How do I make a tri color deck I'm Magic:the gathering?
I want it to be red, green and, white. I have powerful creatures but getting out the land is hard. Does anyone have any tips? How many cards should I have? How many lands?
Public Comments
- You should definitely add cards like Search for Tommorow, Rampant Growth, Harrow, and Khalni Heart Expidition to get lands faster. Also, if you need a lot of lands, make a deck with about 85 cards (lands included) and 38 lands. If you still have problems, you can purchase the Naya Behemoths intro pack from the Shards of Alara expansion: it's exactly the colors you want in the deck.
- Your deck should be 60 cards, the minimum size for a legal constructed deck. If your deck has more than 60 cards, then you can make it better by removing the least useful card. (There always is one--even if all of your cards are good, there are still some that are more useful than others.) How much land to run depends on what the costs of your cards are.

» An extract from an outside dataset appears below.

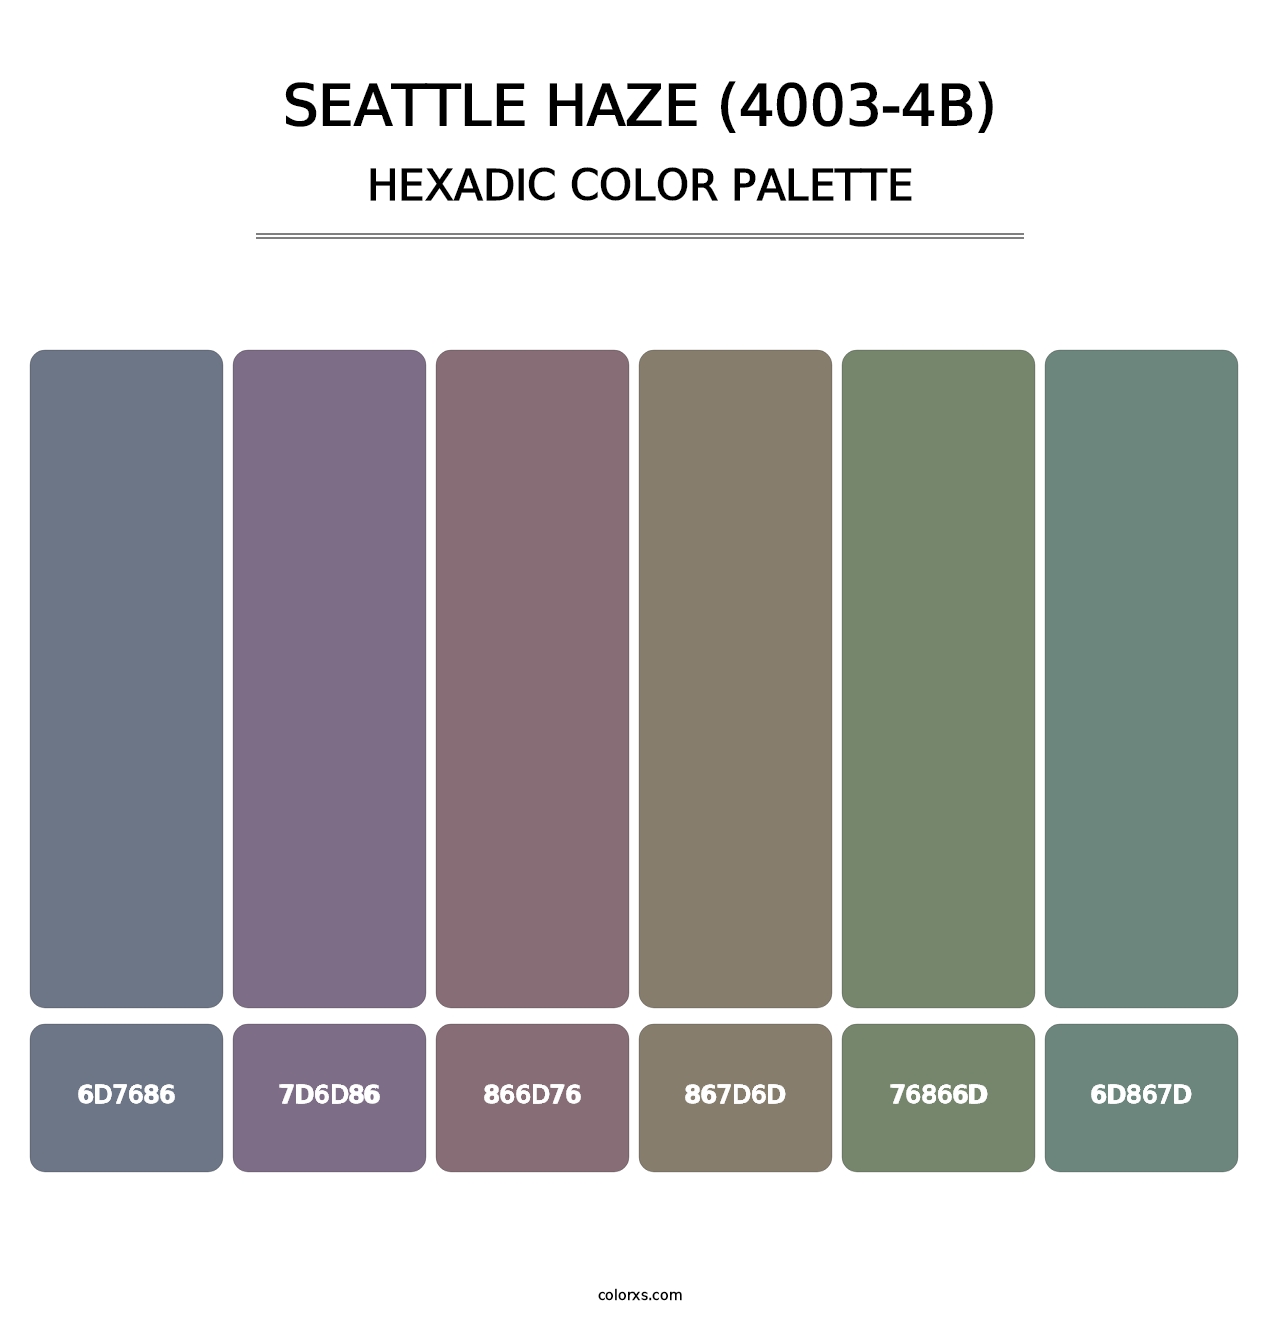 Seattle Haze (4003-4B) - Hexadic Color Palette

If your most expensive cards cost about 6, then 24 land is usually pretty good. If your most expensive card costs 7 or 8, then you'll probably want more like 25-26 land. In most decks, I like to have at least nine ways to get each color of mana, and more if possible (especially if there's many cards of a certain color). So, for example, if you choose to run 24 land, you could have * 7 forest * 7 mountains * 7 plains * 3 Jungle Shrine (RGW land from Shards of Alara)

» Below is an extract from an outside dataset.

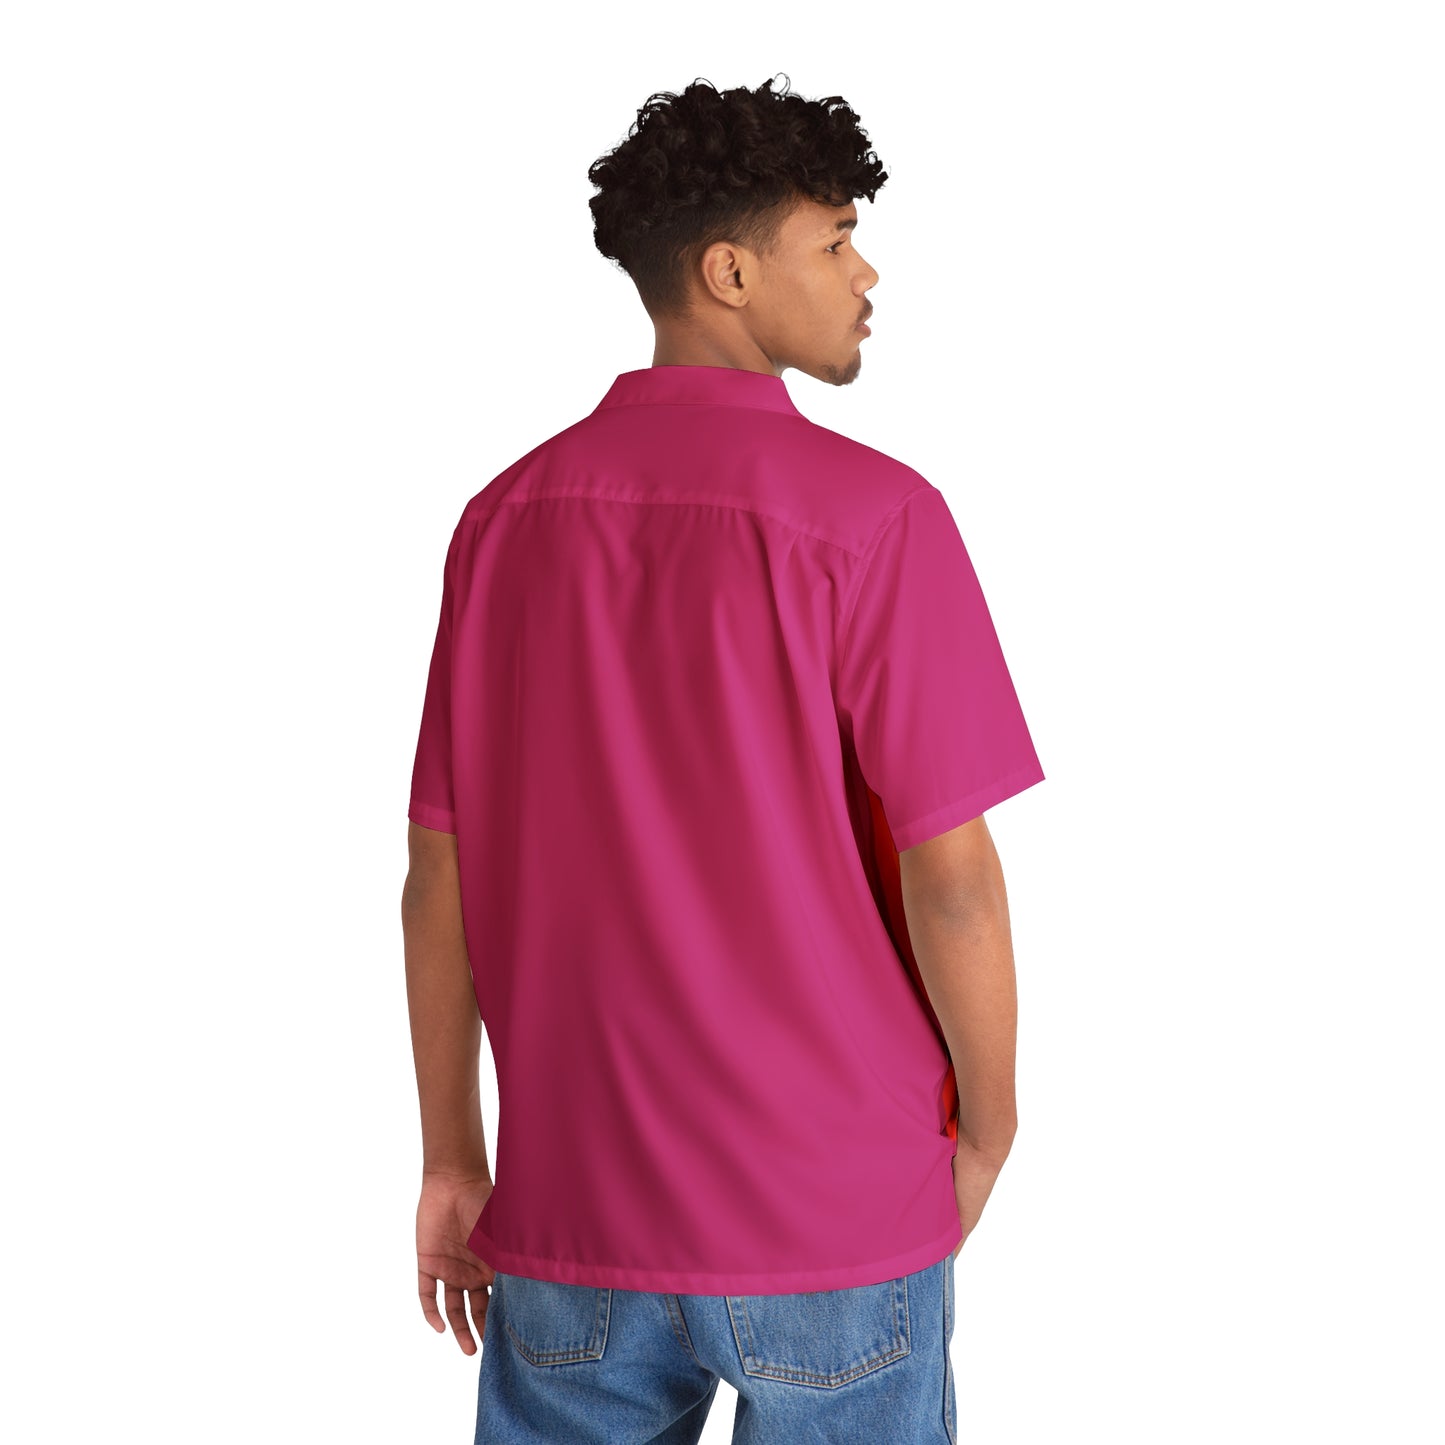 Pride - Pink #c42a86 - Men's Hawaiian Shirt

- You should always have your deck be the fewest number of cards allwoed in the format. If you add any more cards, you are adding in cards that are less efficient that what is already in your deck, and thus dilluting the power and making it more likely you won't draw the card you need. For most decks, you want 35-40% land. If you have less, you'll typically not get enough mana to play much of anything; if you have more, you'll frequently not have enough of anything to fight with. Obviously, the more powerful the creature, the more mana it will cost, and the farther into the game you'll typically have to be to be able to play it. So if you just load up on powerful creatures, you'll frequently lose the game before you can play anything. So first consider some less powerful, but still powerful for their mana cost, creatures, like Woolly Thoctar (5/4 for 3 mana) or Wild Nacatl (1/1, 2/2/, or 3/3 depending on the lands you have in play, all for just 1 mana). After this, you start getting into Magic mana-theory. There's really two aspects to it: mana-accelerators, and mana fixers. --Mana Accelerators are cards that lets you get more mana per turn than just the playing of one land per turn will allow. Examples include creatures like Llanowar Elves, Birds of Paradise, and Noble Hierarch as far as creatures, and Harrow and Khalni Heart Expedition for non-creautres. --Mana Fixers are cards that don't give you more mana, but help to make sure you have the right combination of mana colors available to you (so these are not useful for mono-color decks). Examples include any land capable of generating multiple colors of mana (such as Rupture Spire, Reflecting Pool, and the Alara-block tri-color lands like Jungle Shrine), Birds of Paradise, Knight of the Reliquary, and Mana Cyclix.
- put in the ravnica bounce lands, the ravnica dual lands, or the naya tri land. those should help out with mana troubles.